About this exercise: What's wanted here is the full listing below, repeated exactly, with no images in it.
== Recorded data ==
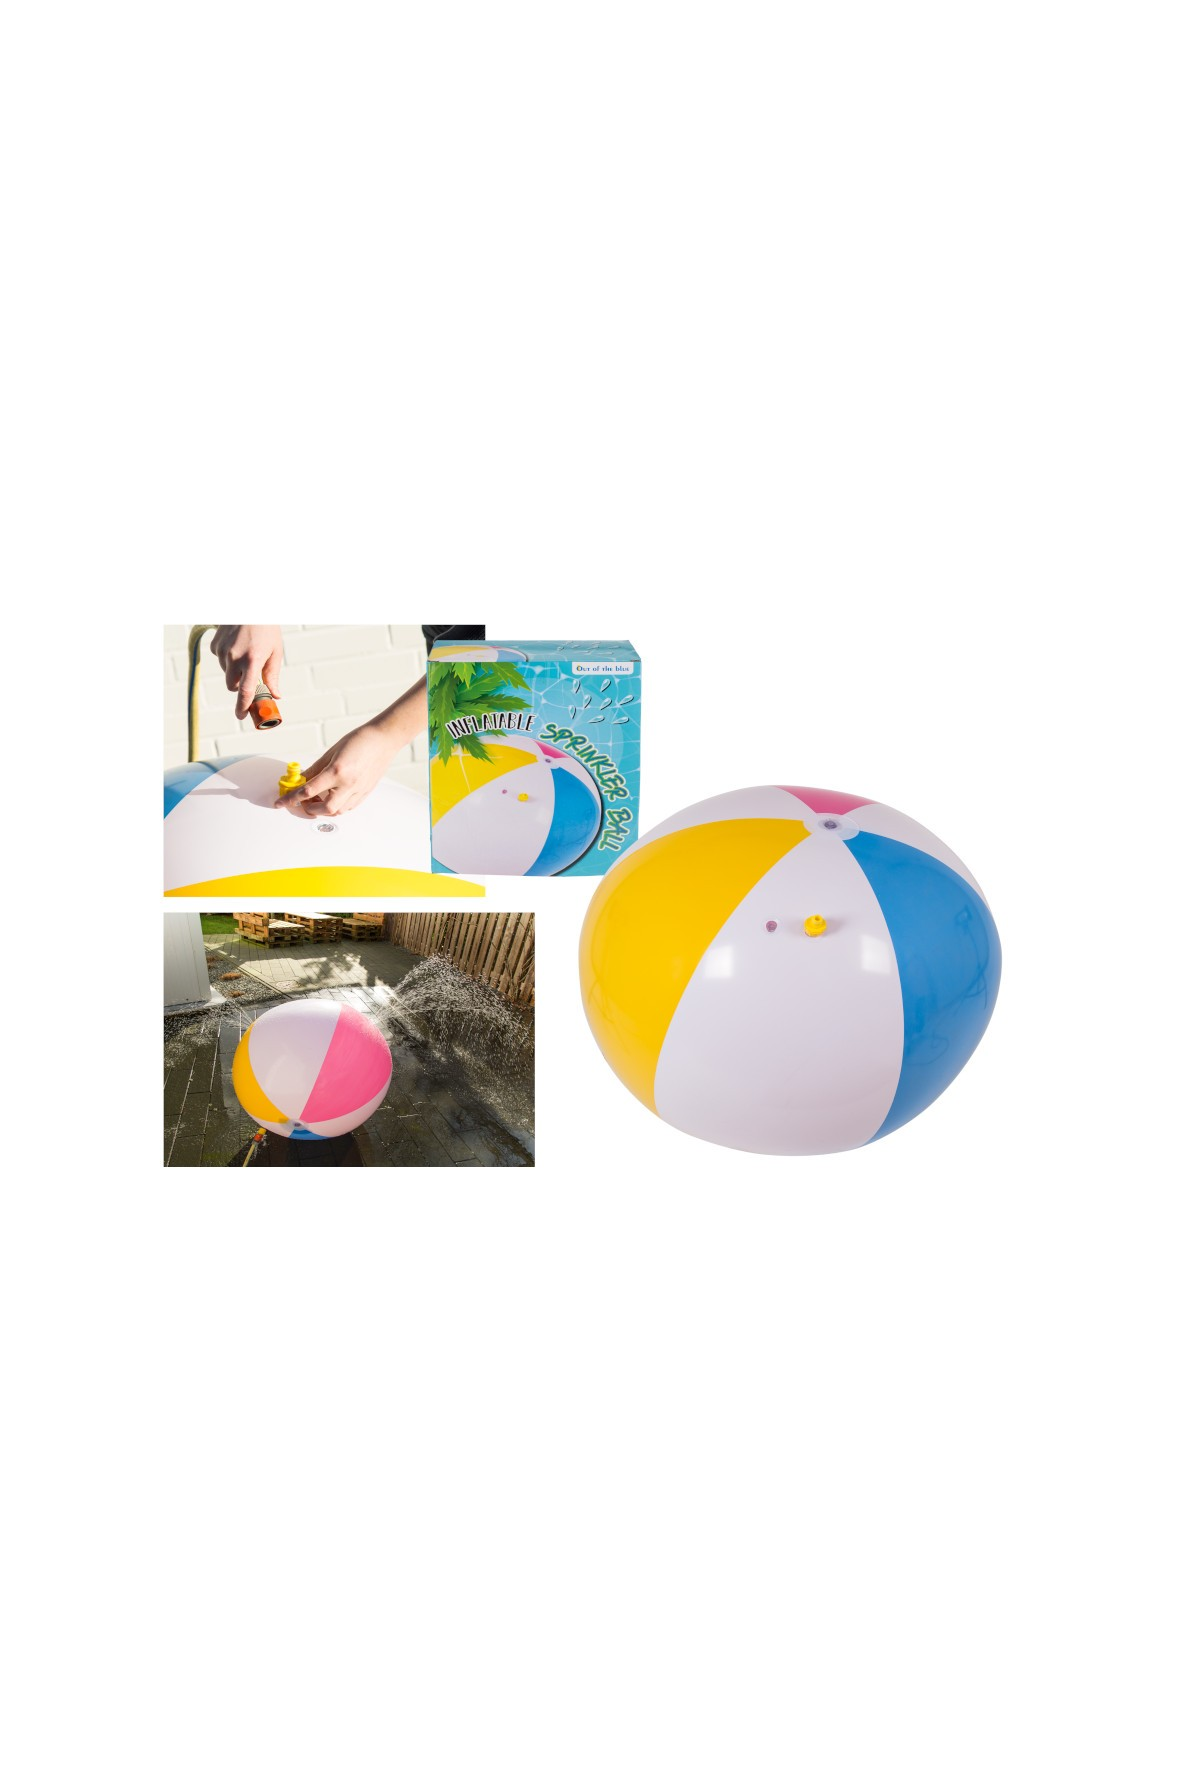 Piłka plażowa - 20x9x25 cm
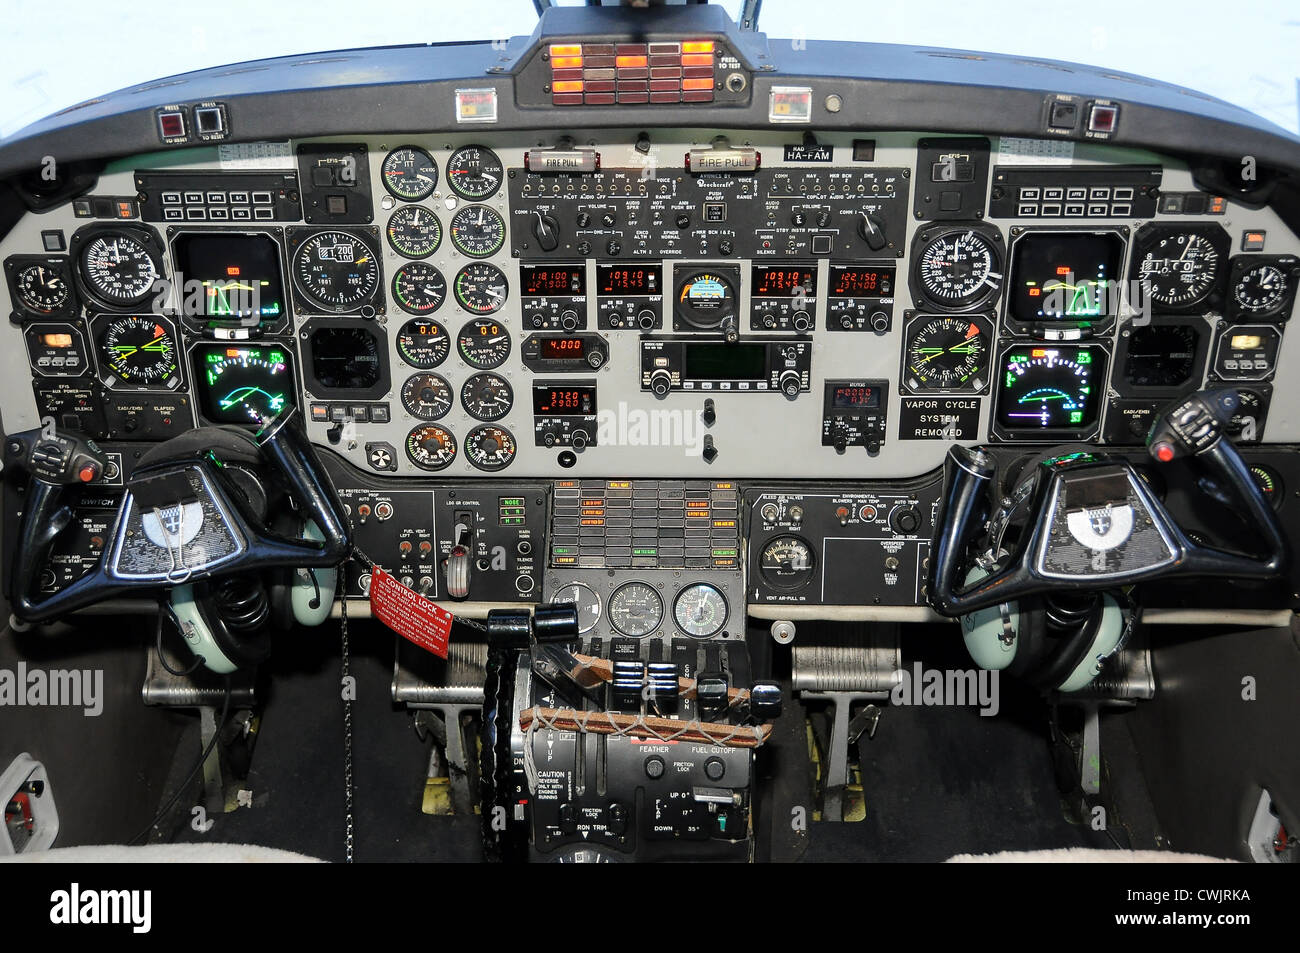 Aircraft Cockpit - Stock Image
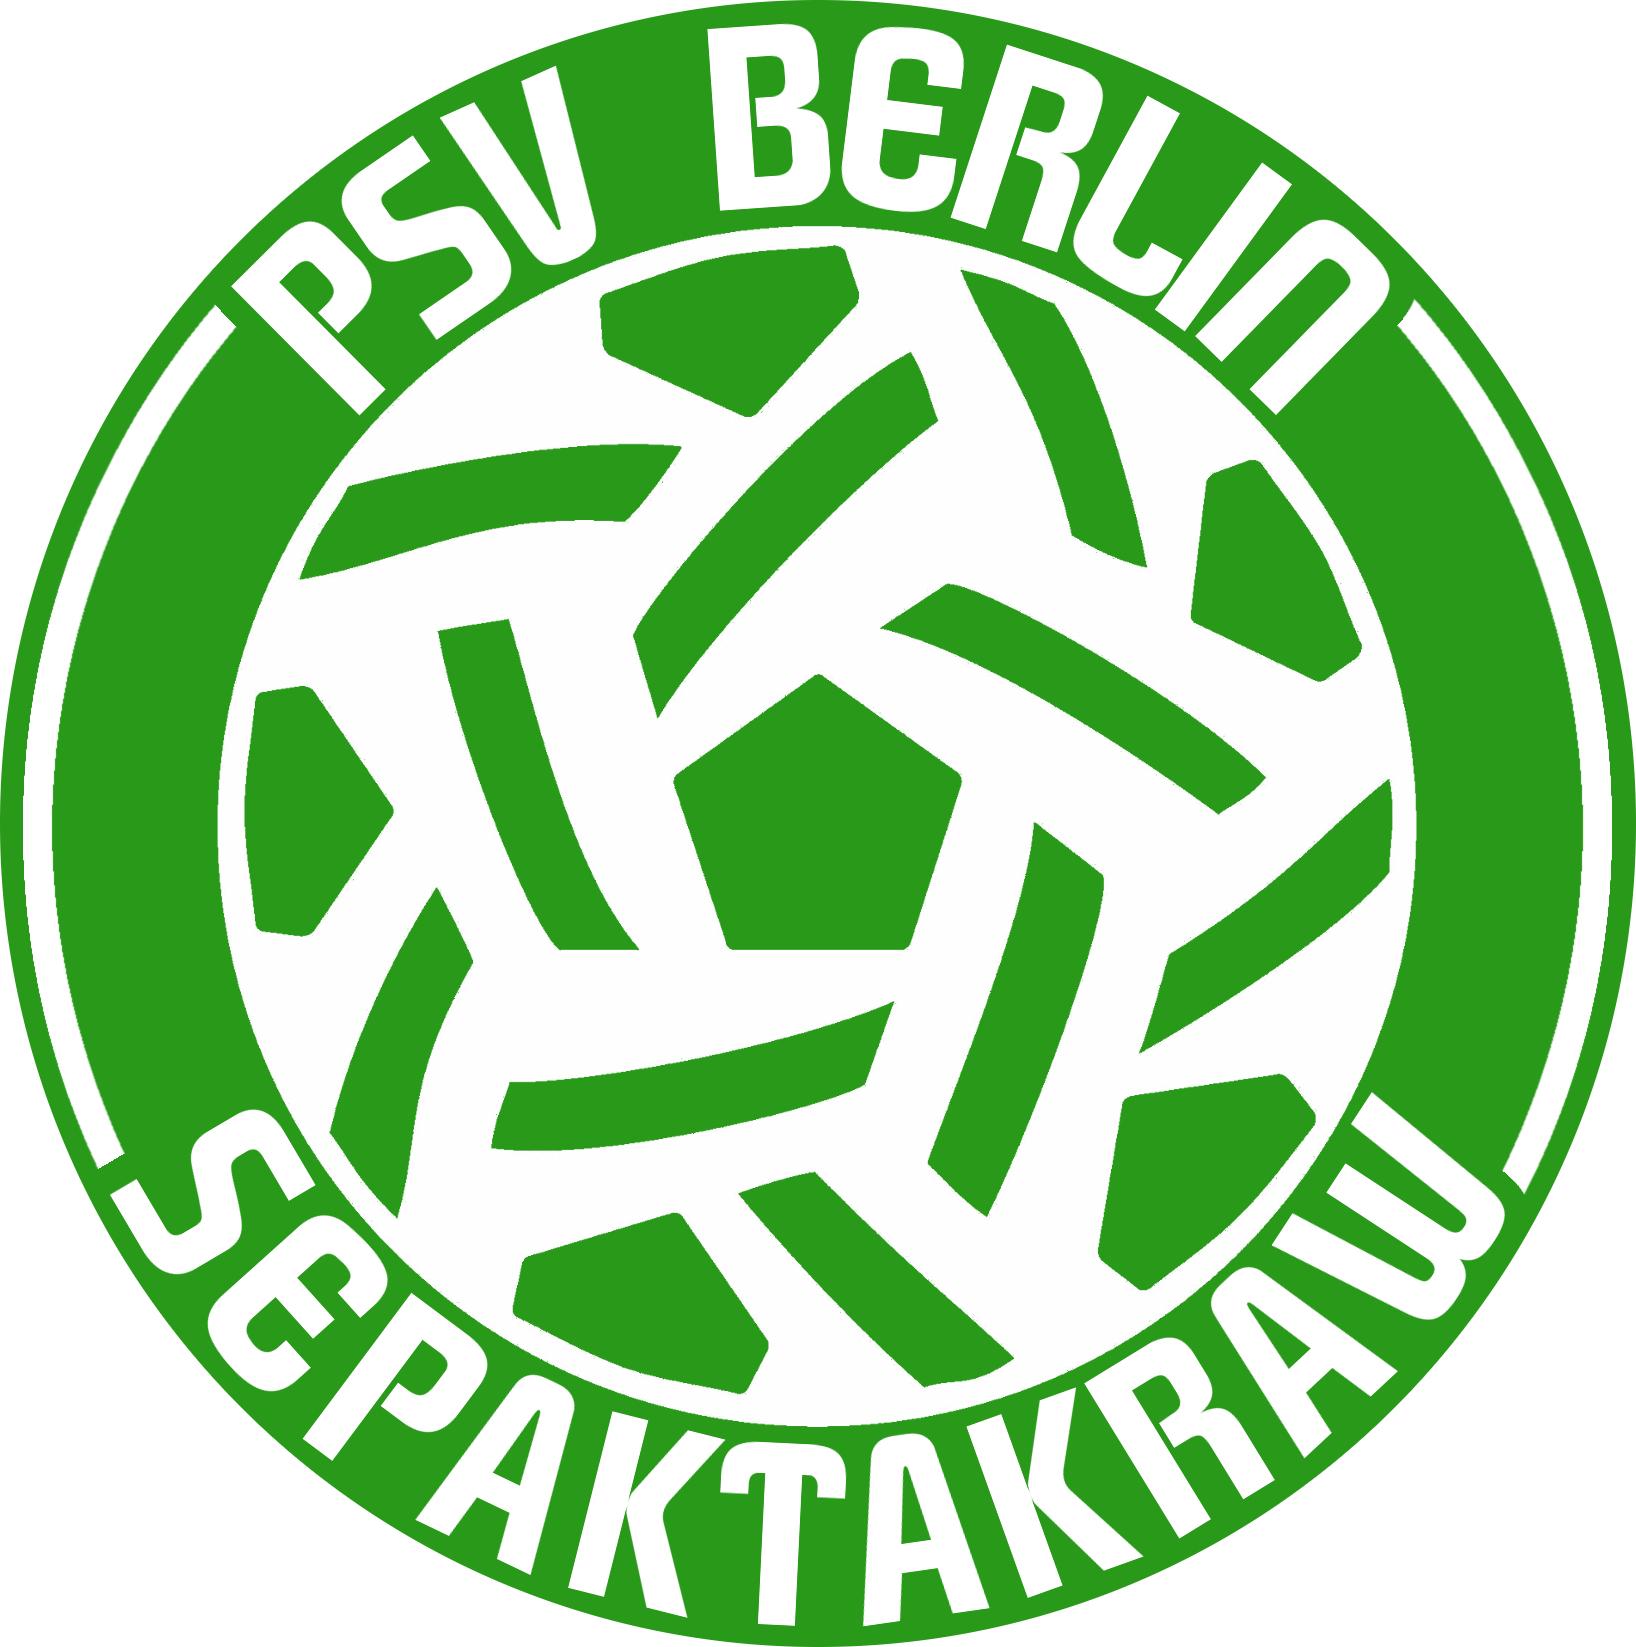 PSV Takraw Berlin
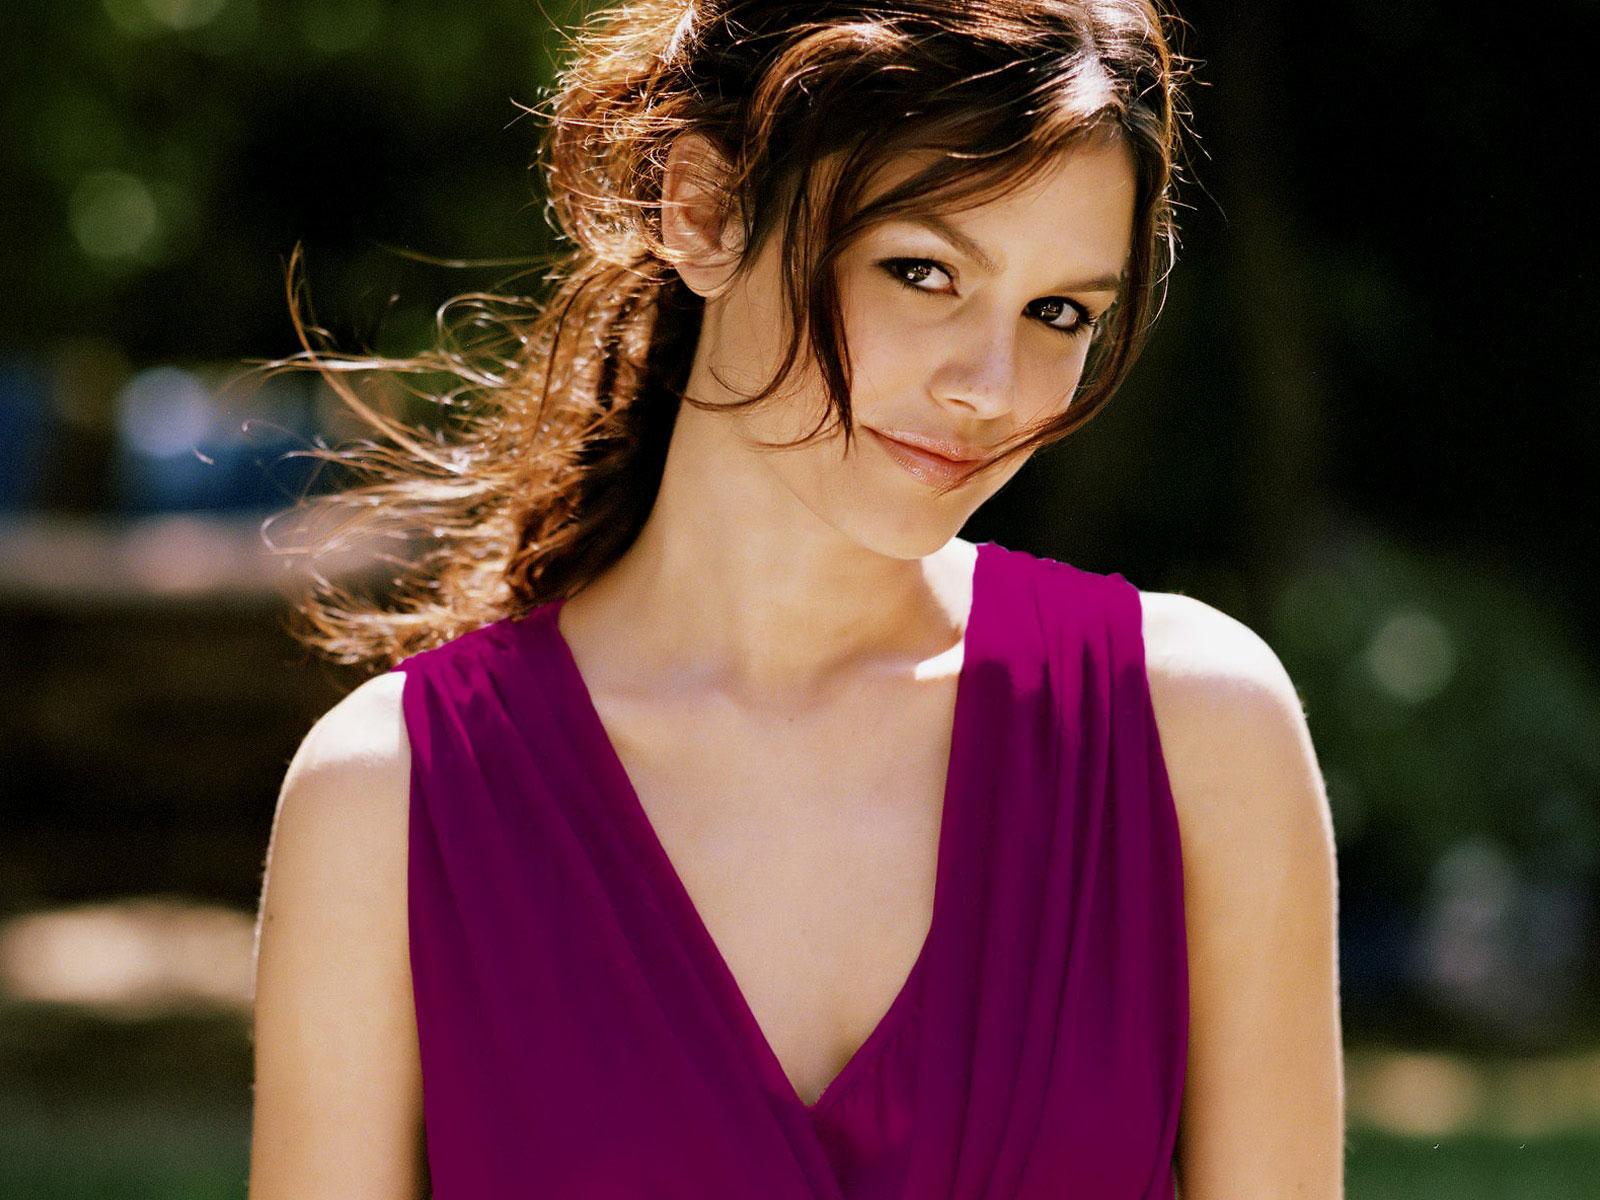 Jumper Actress Rachel Sarah Bilson HD Free Wallpapers - jumper actress rachel sarah bilson wallpapers
===
Task result:
 Piłka plażowa - 20x9x25 cm
 Aircraft Cockpit - Stock Image
 PSV Takraw Berlin
 Jumper Actress Rachel Sarah Bilson HD Free Wallpapers - jumper actress rachel sarah bilson wallpapers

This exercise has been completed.